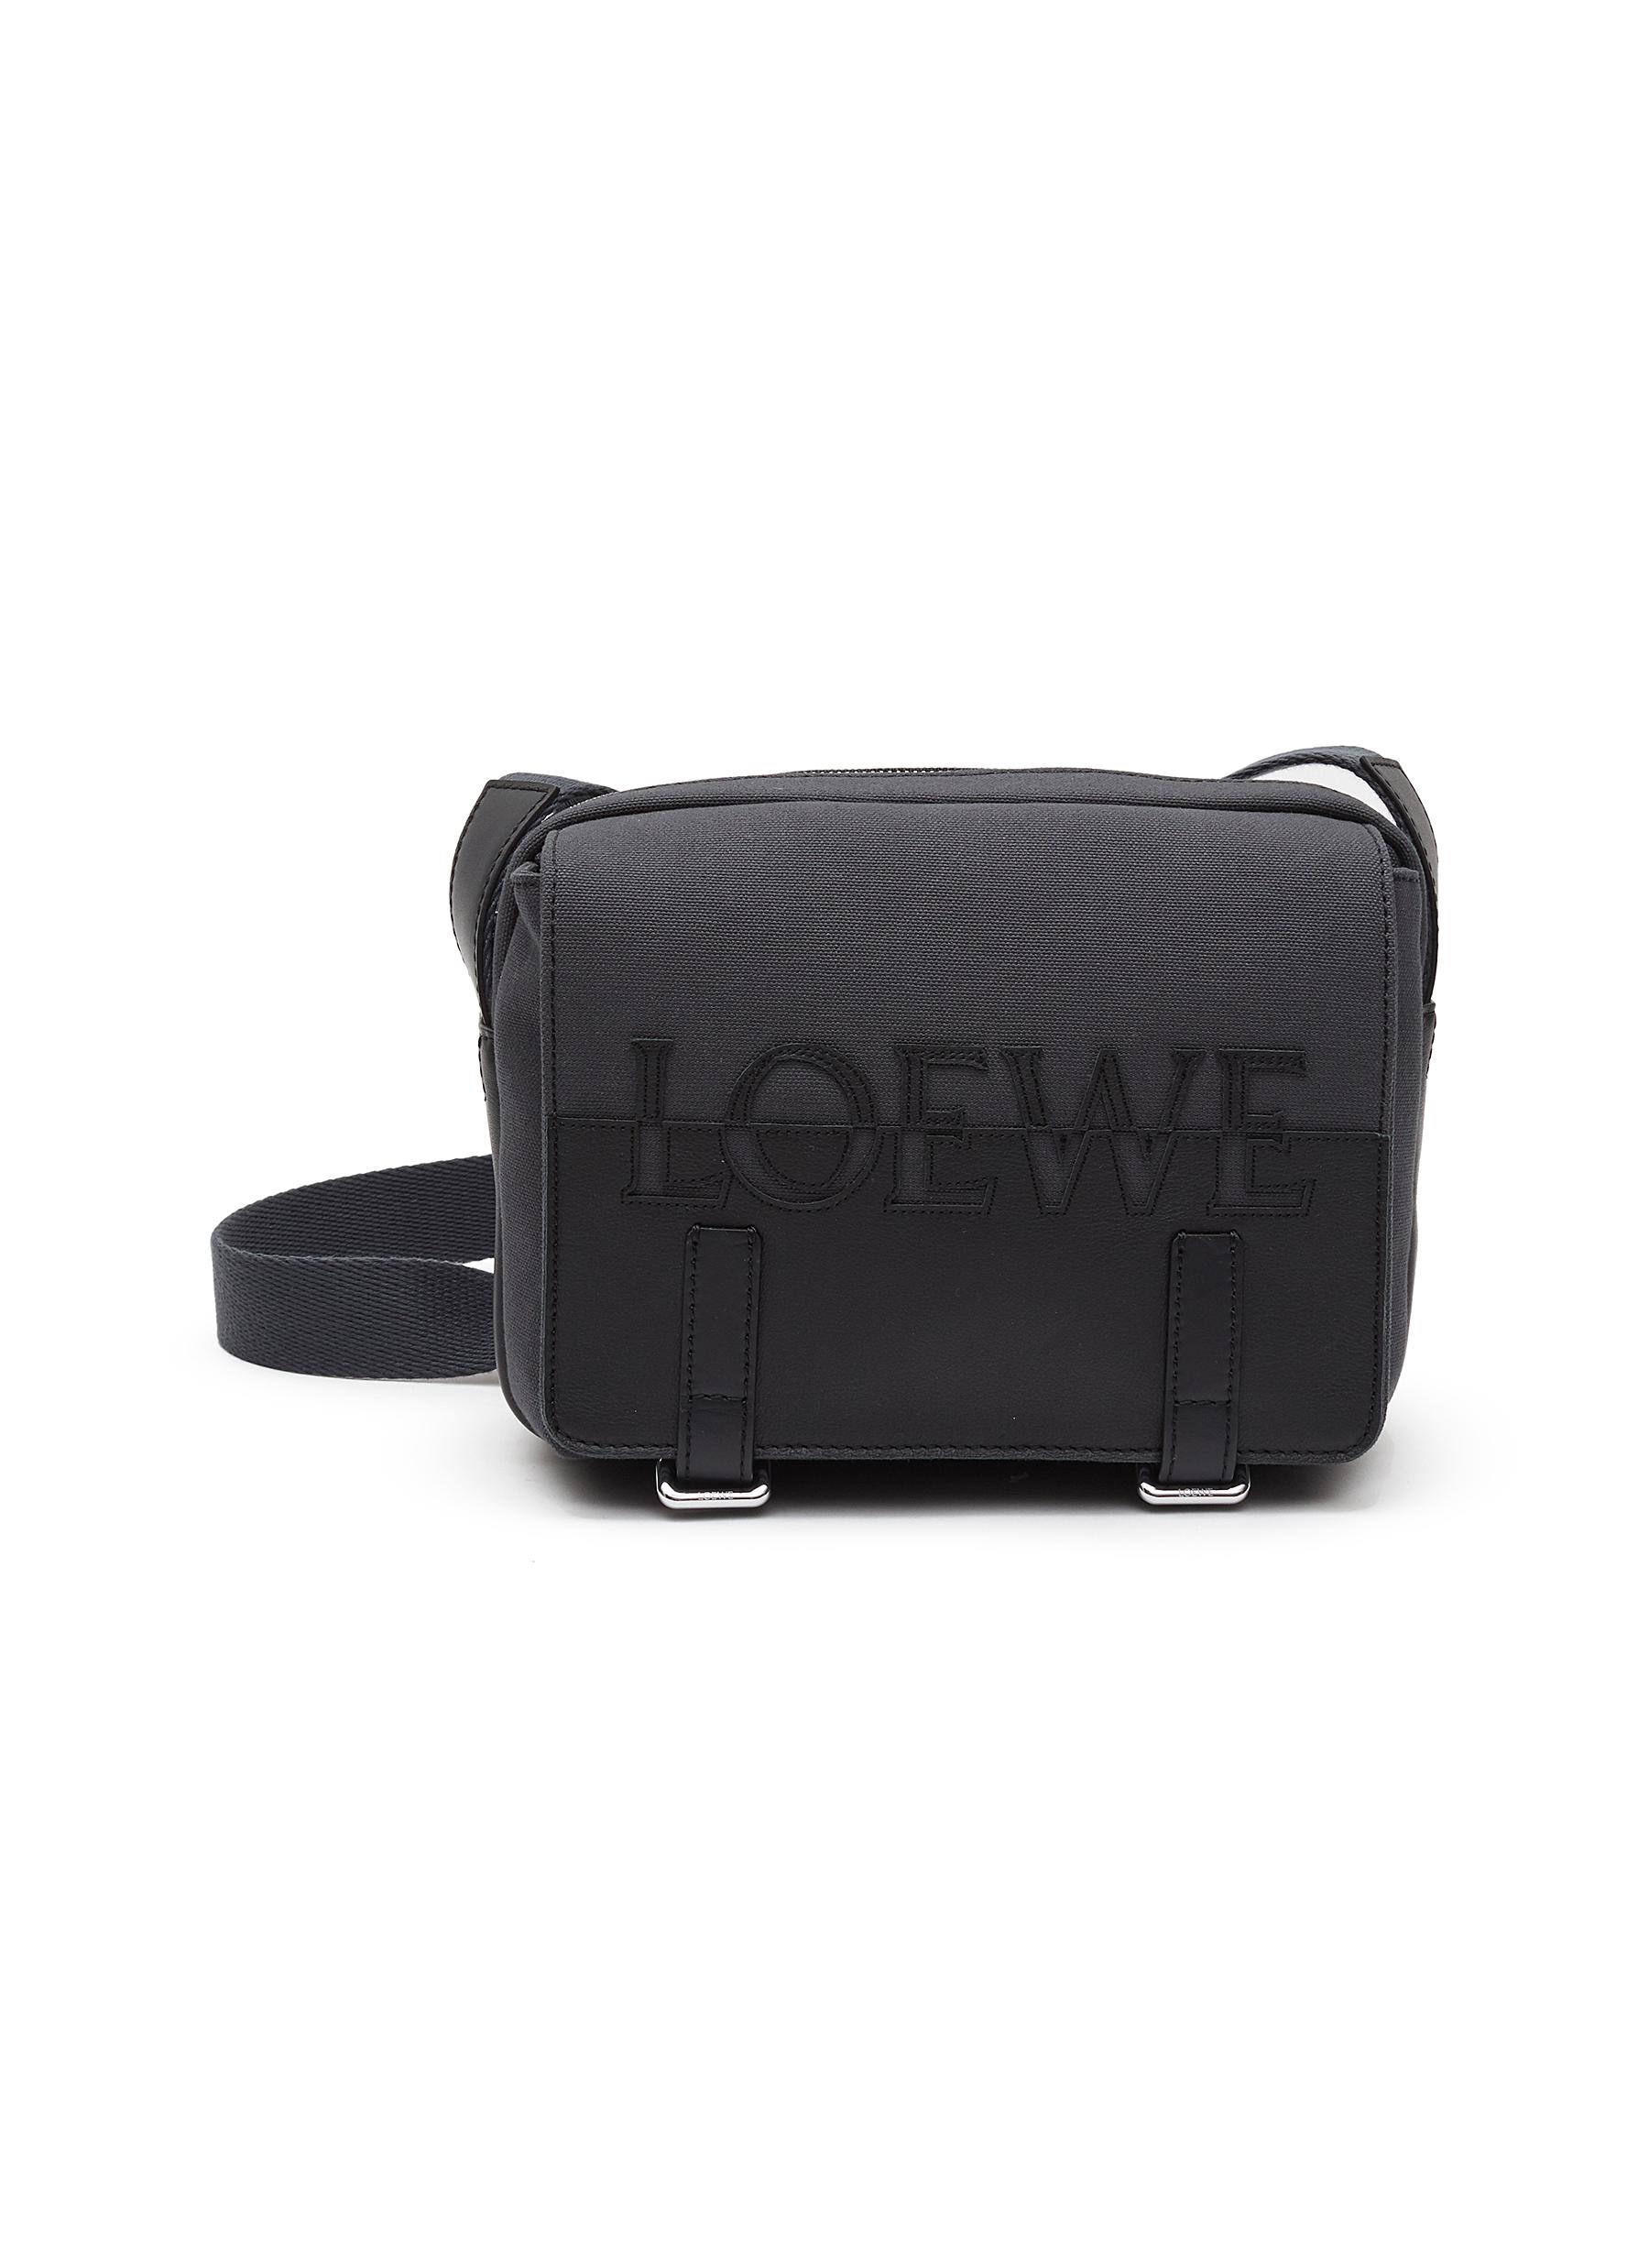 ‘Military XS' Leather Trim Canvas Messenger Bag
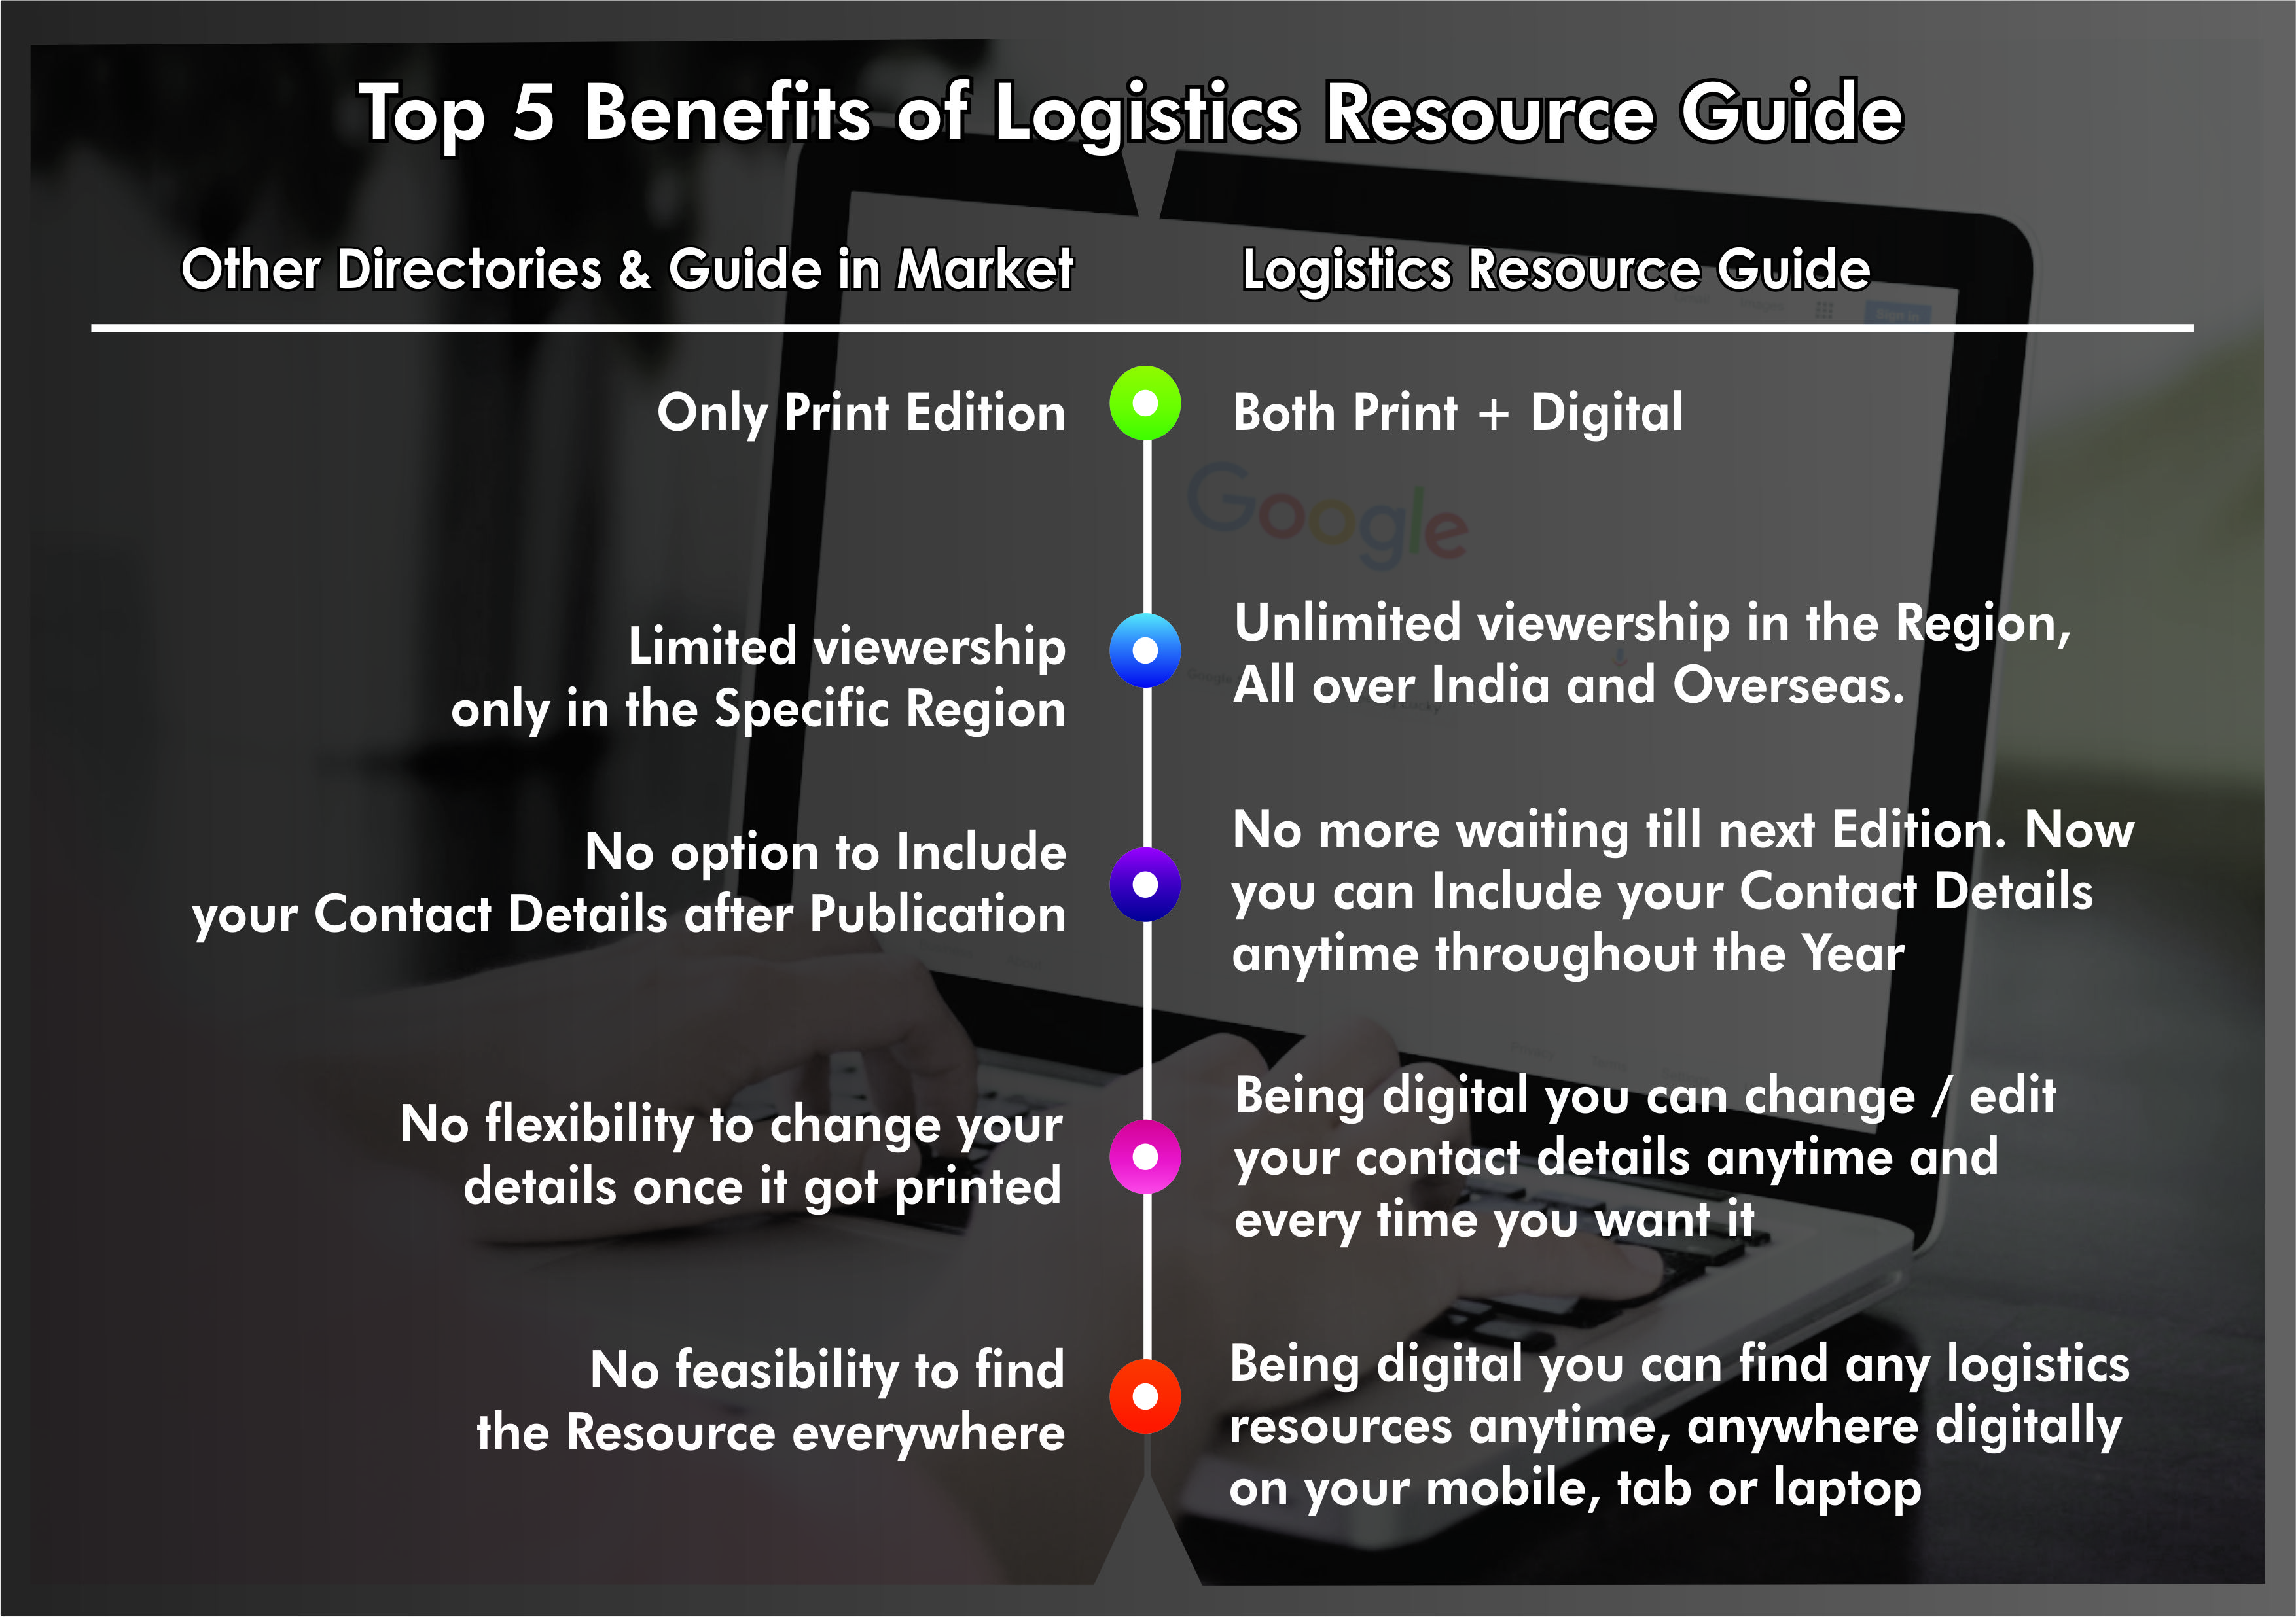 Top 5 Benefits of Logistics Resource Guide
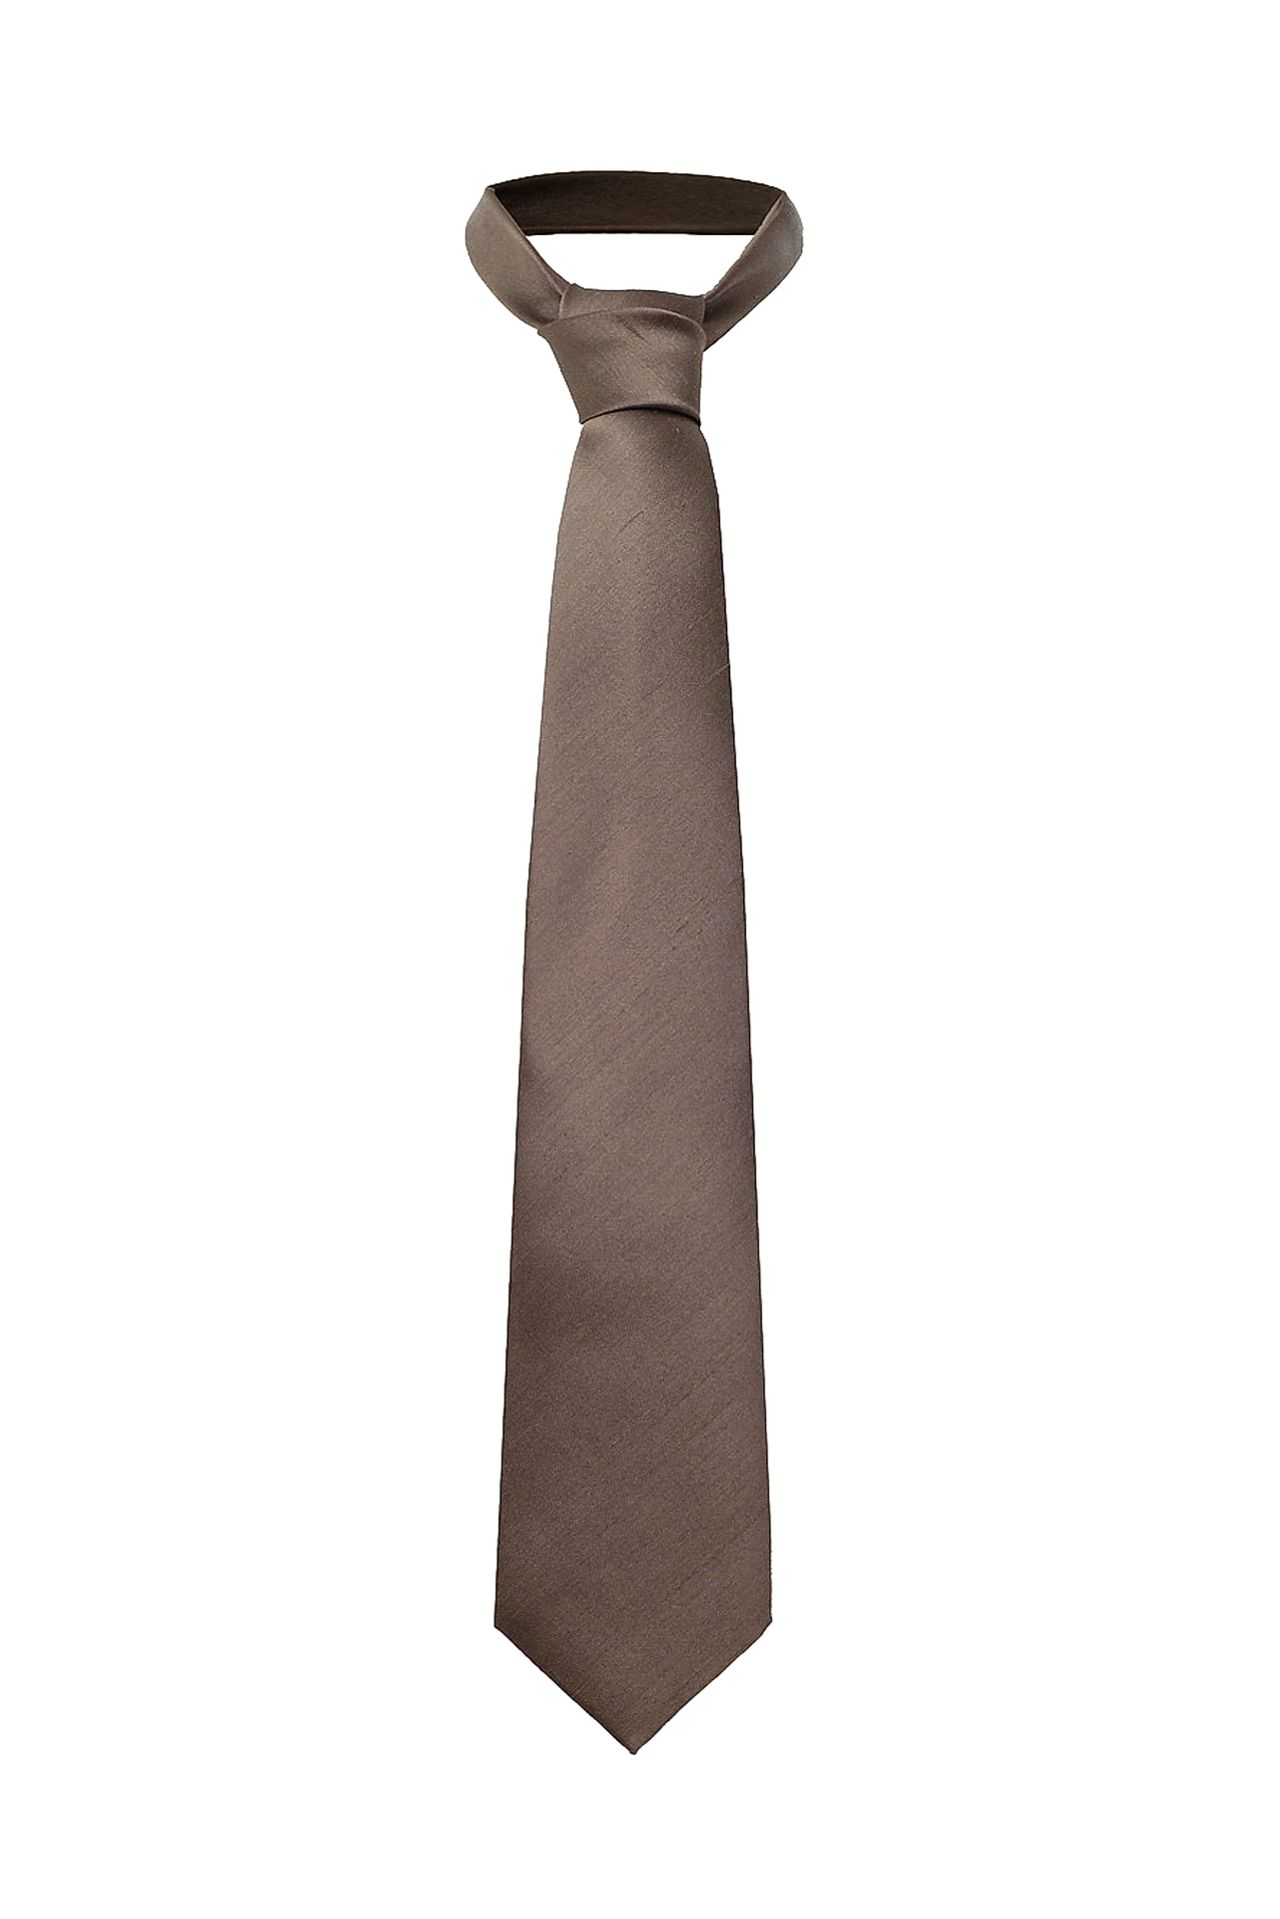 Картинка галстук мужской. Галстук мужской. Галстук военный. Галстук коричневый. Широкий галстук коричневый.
# # # #
Required work -
Output the data above exactly, excluding images.

Output for this task -
 ‘Military XS' Leather Trim Canvas Messenger Bag
 Top 5 Benefits of Logistics Resource Guide
 Картинка галстук мужской. Галстук мужской. Галстук военный. Галстук коричневый. Широкий галстук коричневый.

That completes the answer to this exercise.